> _ACTION ITEM_
What are the lines from the one containing "The natural crystallization" through the end of the listing below? Return them exactly, and only them.

[INFORMATION SUPPLIED — start]

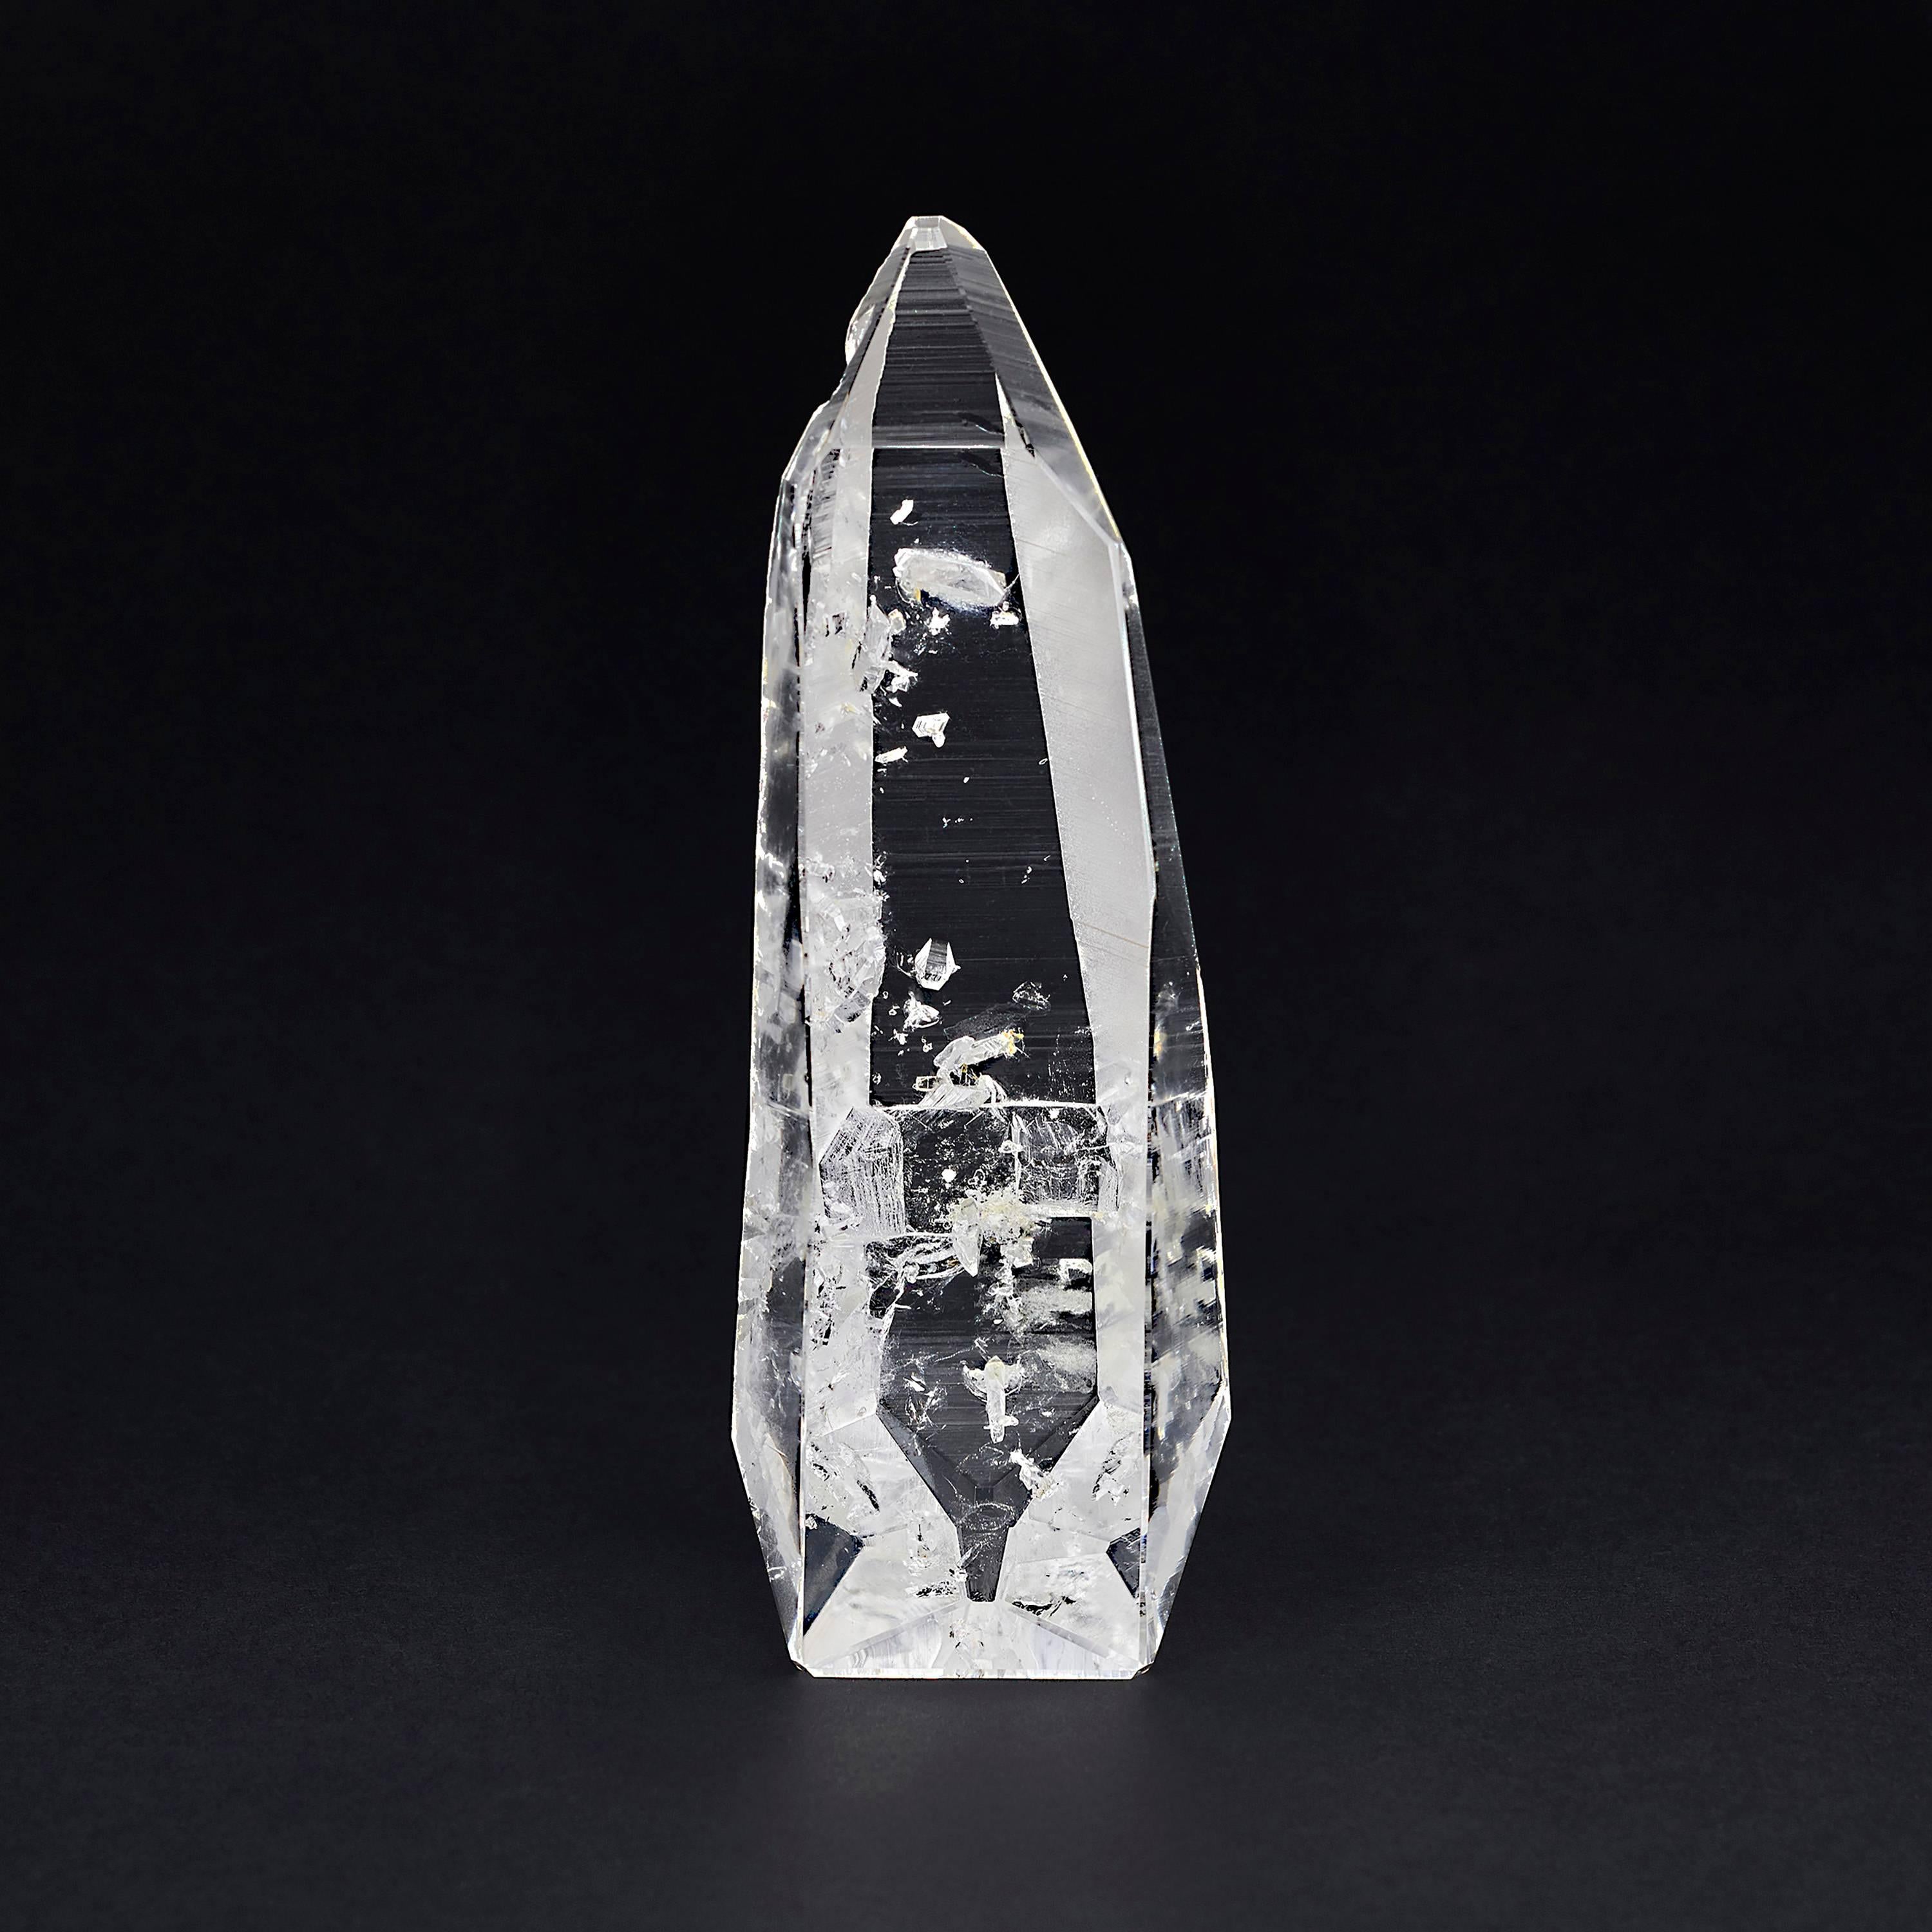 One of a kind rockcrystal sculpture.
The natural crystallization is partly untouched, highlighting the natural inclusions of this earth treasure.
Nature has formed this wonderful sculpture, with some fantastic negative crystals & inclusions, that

[INFORMATION SUPPLIED — finish]

> _SOLUTION TO THE PROBLEM_
The natural crystallization is partly untouched, highlighting the natural inclusions of this earth treasure.
Nature has formed this wonderful sculpture, with some fantastic negative crystals & inclusions, that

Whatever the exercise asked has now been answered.